Introduction: Adrenocortical carcinoma (ACC) is a rare malignancy with estimated annual incidence of 0,7 to 2 cases per milion, and it is more commonly diagnosed in women. Being extremely agressive entity, survival median of four years is not suprising. Hormone secreting ACC is found in 60% of patients diagnosed with disease, whereas isolated hyperandrogenism is found in 3-5% cases of adult patients.

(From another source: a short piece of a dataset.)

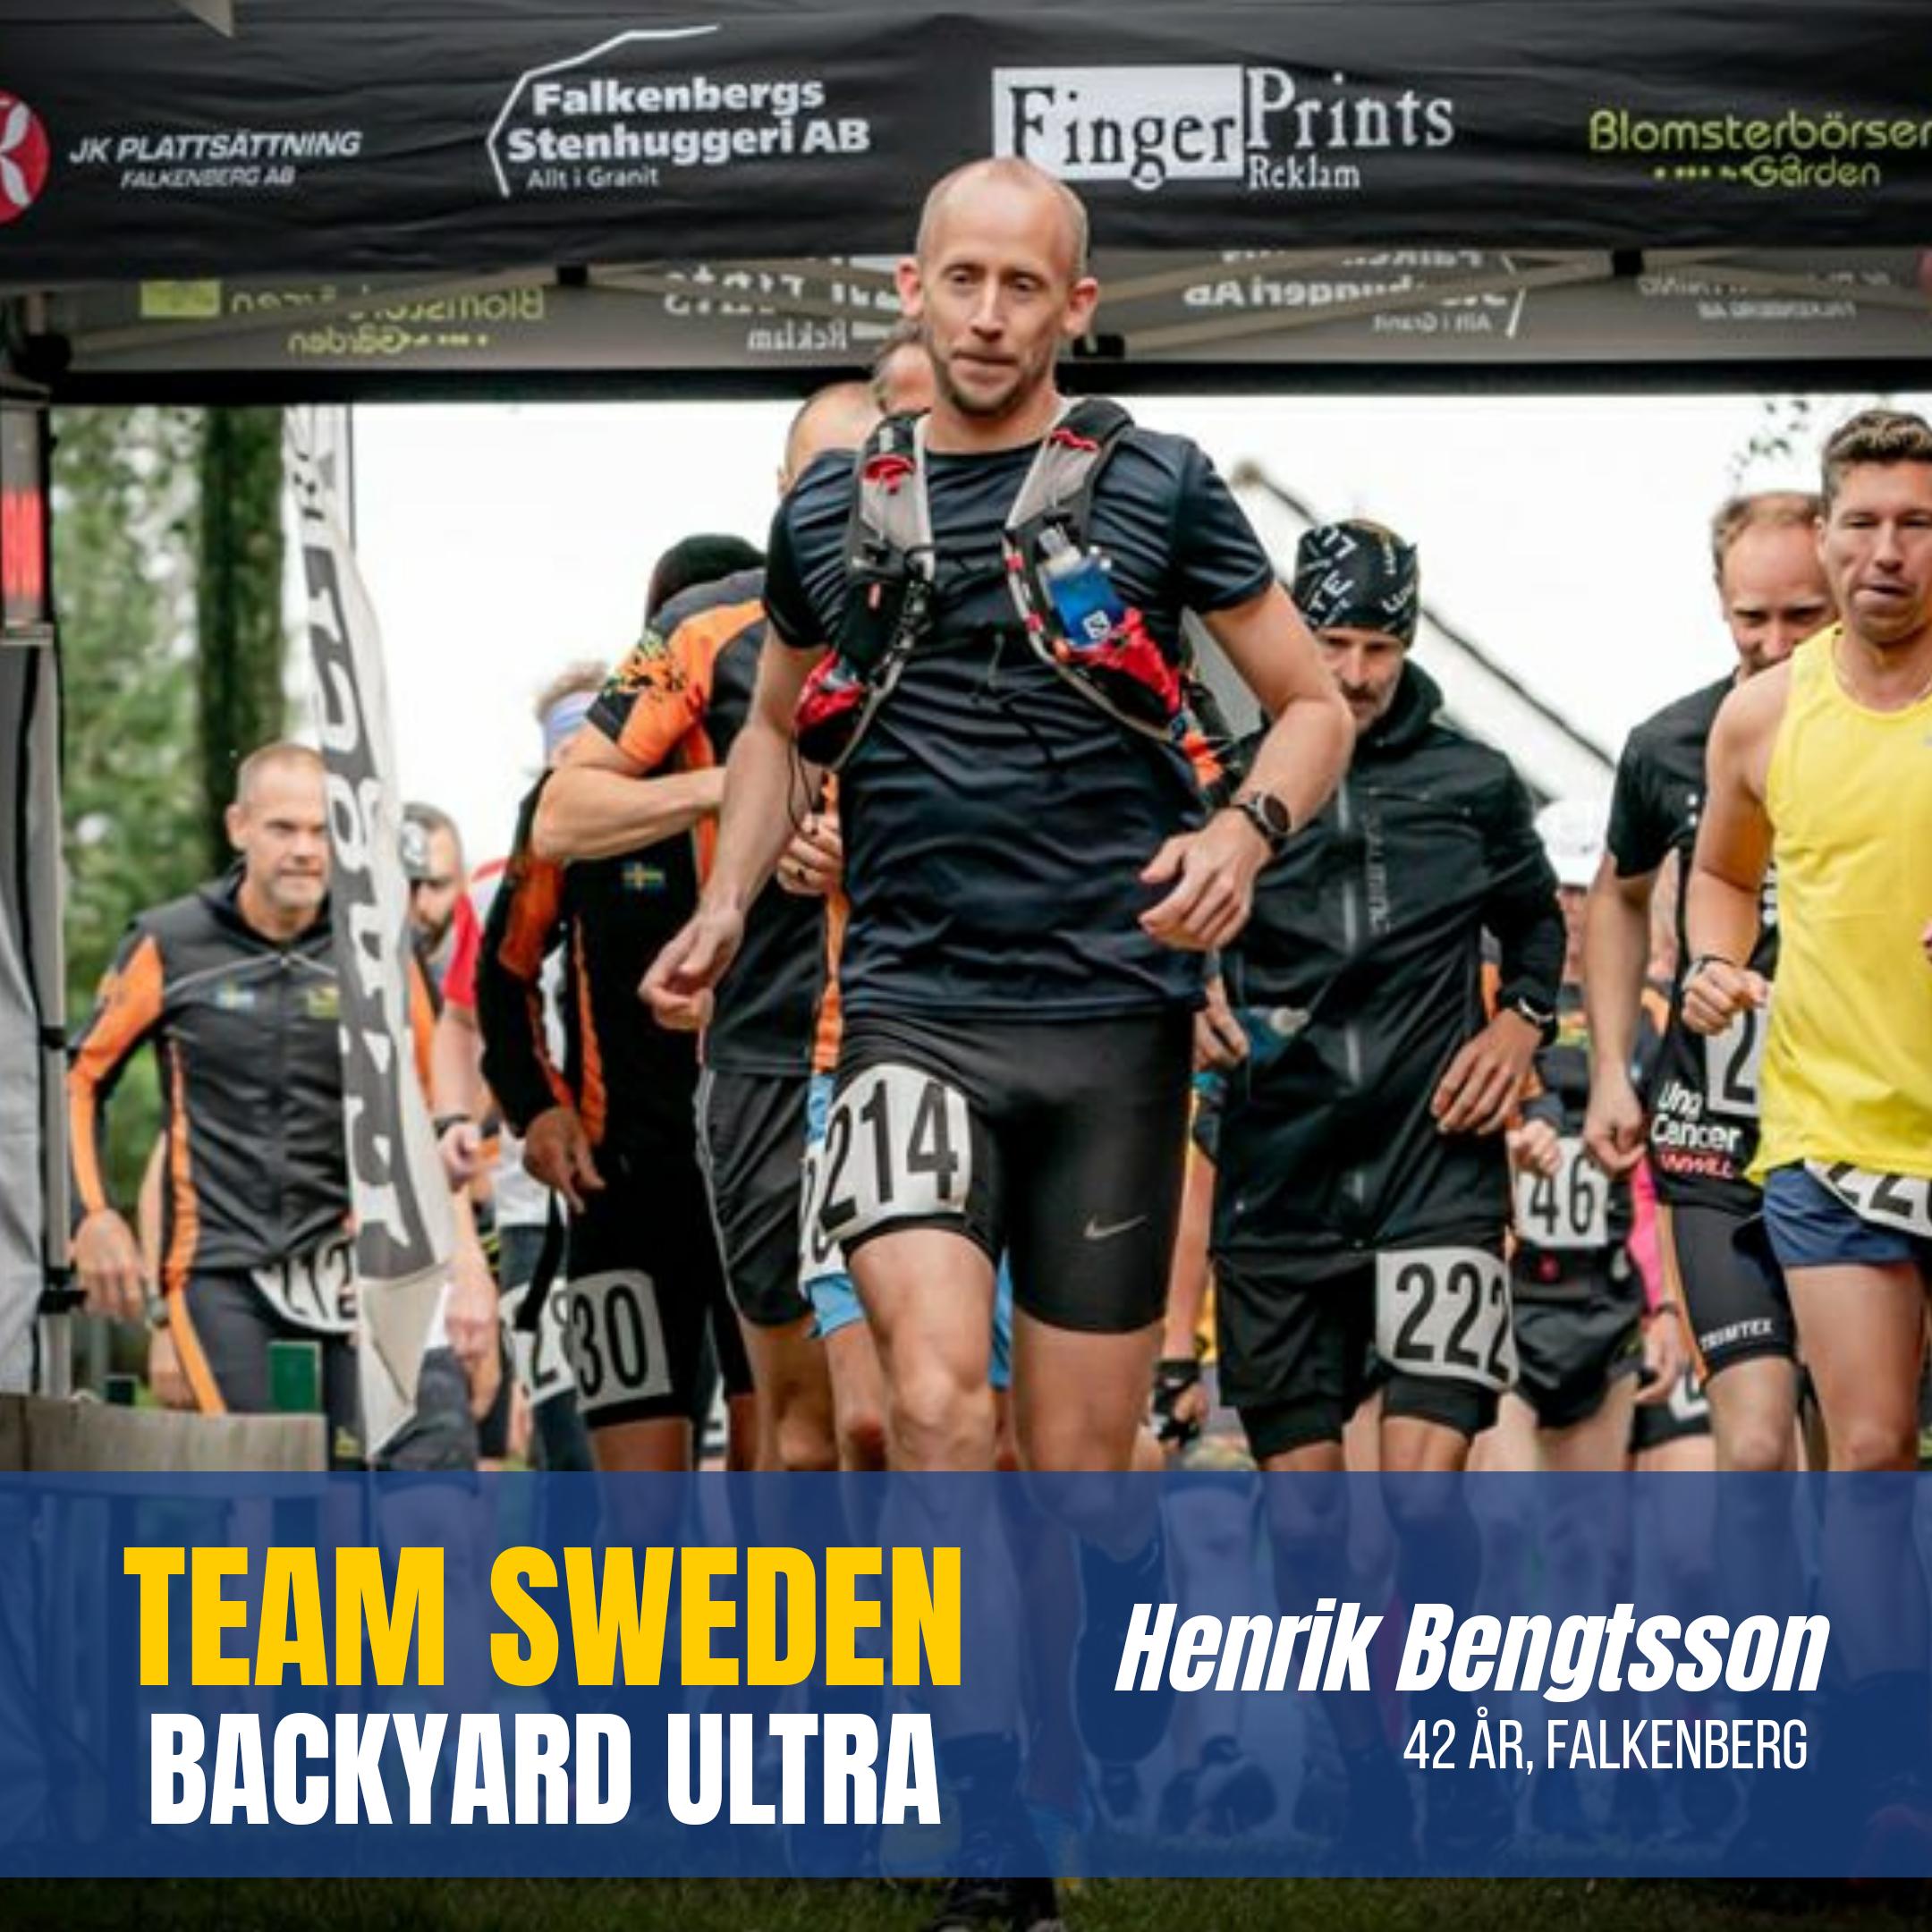 Henrik Bengtsson Sweden Runners Backyard Ultra

Case presentation: We present the case of 63-year-old patient who was hospitalized in endocrinology department for functional testing of adrenal incidentaloma. She presented with abdominal pain and fatigue and malaise, clinically she was obese with signs of hyperandrogenemia i.e. marked hirsutism. In laboratory results we found increased values of DHEAS of 1073\.1326,2 mg/dl and testosteron: 2,09 ng/ml, while ACTH, daily cortisol, renin, aldosteron and 24h urinary catecholamine values were in refferent range. The Chest CT revealed no abnormalities, while abdominal NMR detected expansive heterogeneous mass with smaller zones of necrosis sized 11 × 9.4 × 11.5 cm with suppression of the pancreas but without signs of infiltration of surrounding structures. Abdominal surgeon was consulted, patient was operated on and pathohistology finding showed adrenal cortical carcinoma Fuhrman grade III, pT2, Ki67 <5%, ENSAT stage 2. Patient was reffered to higher instance for the decision of whether to introduce adjuvant therapy, which was not instituted at the time. In the further course of treatment, disease recurrence was verified, she was reoperated on and adjuvant mitotane was introduced. Patient died 12 months upon diagnosis.

Conclusion: As already stated, ACC is highly invasive malignancy with poor treatment outcome regardless of therapeutic measures. Further research is needed to assess the best therapeutic modality in recurrent disease.